Tahun demi tahun berlalu. Demokrasi itu semakin jadi tontonan, belum mengarah ke pemikiran dan aksi bermutu. Kita justru mengetahui selebrasi demokrasi cenderung kemeriahan dan gerombolan. Kumpulan ribuan orang alias massa itu penjelasan paling utama. Pembuatan peristiwa meriah bermisi produksi simbolsimbol dan slogan-slogan. Pilihan tempat harus strategis demi menjadi tontonan. Ekspresi demokrasi sebagai tontonan disokong imajinasi (kekuasaan) tradisional. Di rombongan para calon penguasa, kita lazim melihat ada orang-orang berdandan punakawan atau tokoh wayang, tim penari, pembawa alat musik tradisional, atau rombongan berbusana adat.

Di jalan, demokrasi diangkut menggunakan berbagai alat transportasi. Kita mendapatkan kontradiksi. Orang-orang bersaing memiliki dan menggunakan alat transportasi canggih bernama sepeda motor atau mobil. Para pencari amanah publik justru mundur dalam pilihan alat transportasi. Mereka memilih delman, becak, sepeda onthel, dan setum.
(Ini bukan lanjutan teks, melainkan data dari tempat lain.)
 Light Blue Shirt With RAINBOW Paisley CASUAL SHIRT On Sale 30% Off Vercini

Pilihan naik kuda juga semakin mengejutkan. Mereka menggunakan pelbagai alat transportasi itu di jalan beraspal. Kecepatan dan kementerengan digantikan produksi simbolis meski klise. Mereka melupakan rutinitas jalan itu dilintasi mobil, sepeda motor, bus, dan truk. Jalan sering ramai dan macet. Kehadiran alat transportasi politik mirip ejekan atas situasi jalan dalam realitas keseharian. Mereka terlalu berharap ada makna dan propaganda politik melalui alat transportasi ”tak lazim” di jalan beraspal. Mereka pun memilih jalan-jalan utama.
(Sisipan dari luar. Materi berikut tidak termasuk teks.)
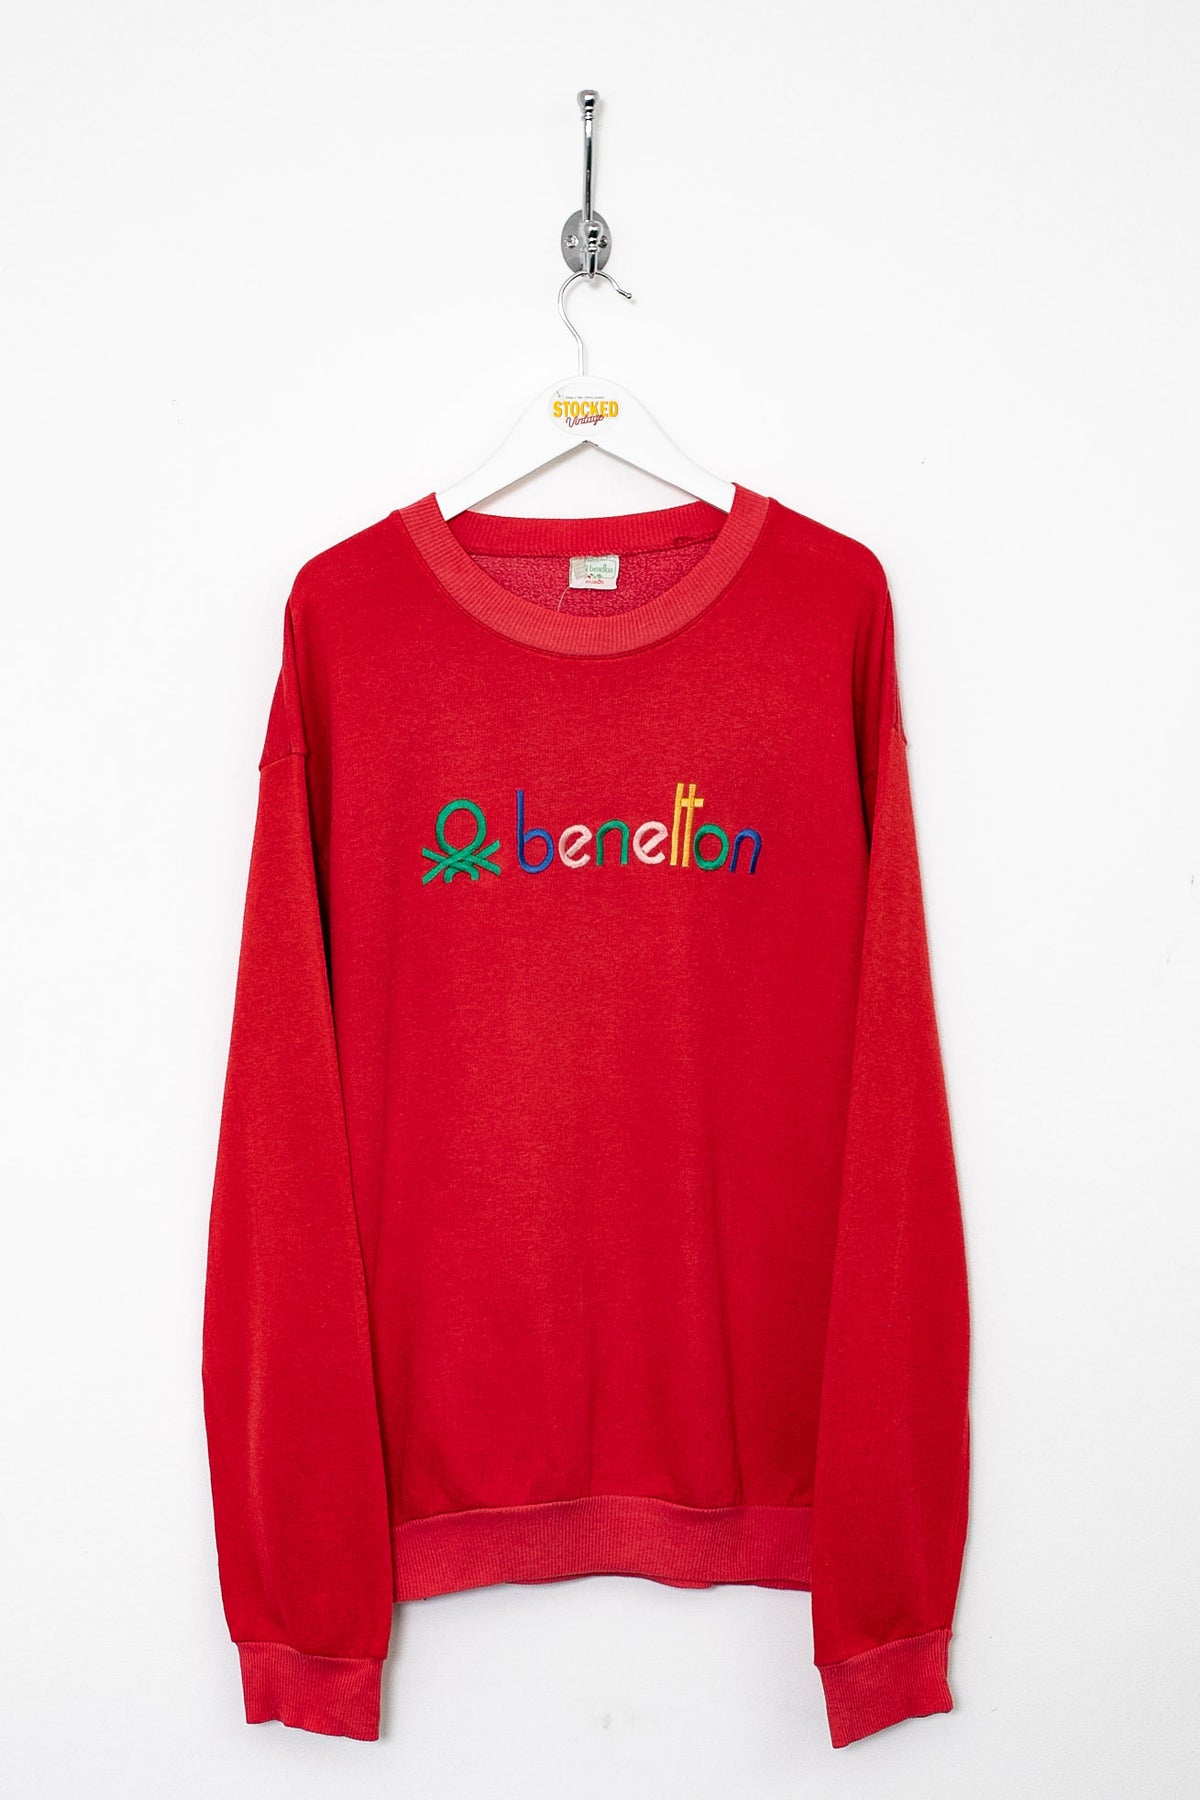 00s Benetton Sweatshirt (M)

Di Indonesia, segala hal bisa jadi politis. Alat transportasi politik semakin menambah daftar kebebalan berdemokrasi. Publik tak dirangsang mengikuti selebrasi demokrasi dengan pemikiran-pemikiran alias visi dan misi. Demokrasi gampang dipamerkan di jalan. Kita pun diajak membohongi realitas alat transportasi dan jalan. Selama puluhan tahun, pemerintah kerepotan mengurusi keramaian dan kemacetan di jalan. Pemilik sepeda motor dan mobil selalu bertambah setiap hari. Aksi ”oposisi” dari para pendamba jabatan menguak ”politik picik” dan kegagalan meng ekspresikan demokrasi bertaut realitas-realitas. Demokrasi telanjur dijadikan tontonan sensasional. Di jalan, berbagai alat transportasi difungsikan sebagai tontonan demi politik.

Kita pastikan mereka tak mungkin mengendarai pelbagai alat transportasi itu sebagai kendaraan dinas. Kesuksesan sebagai pemimpin tentu diganjar mobil dinas mewah. Kita bakal sulit menerima keputusan bahwa gubernur, wali kota, atau bupati mendapat fasilitas dari negara berwujud delman, becak, setum, sepeda onthel, atau kuda. Di jalan, kebohongan telah disajikan. Pendaftaran sebagai calon penguasa saja sudah memamerkan kedangkalan mengartikan demokrasi. Ironis!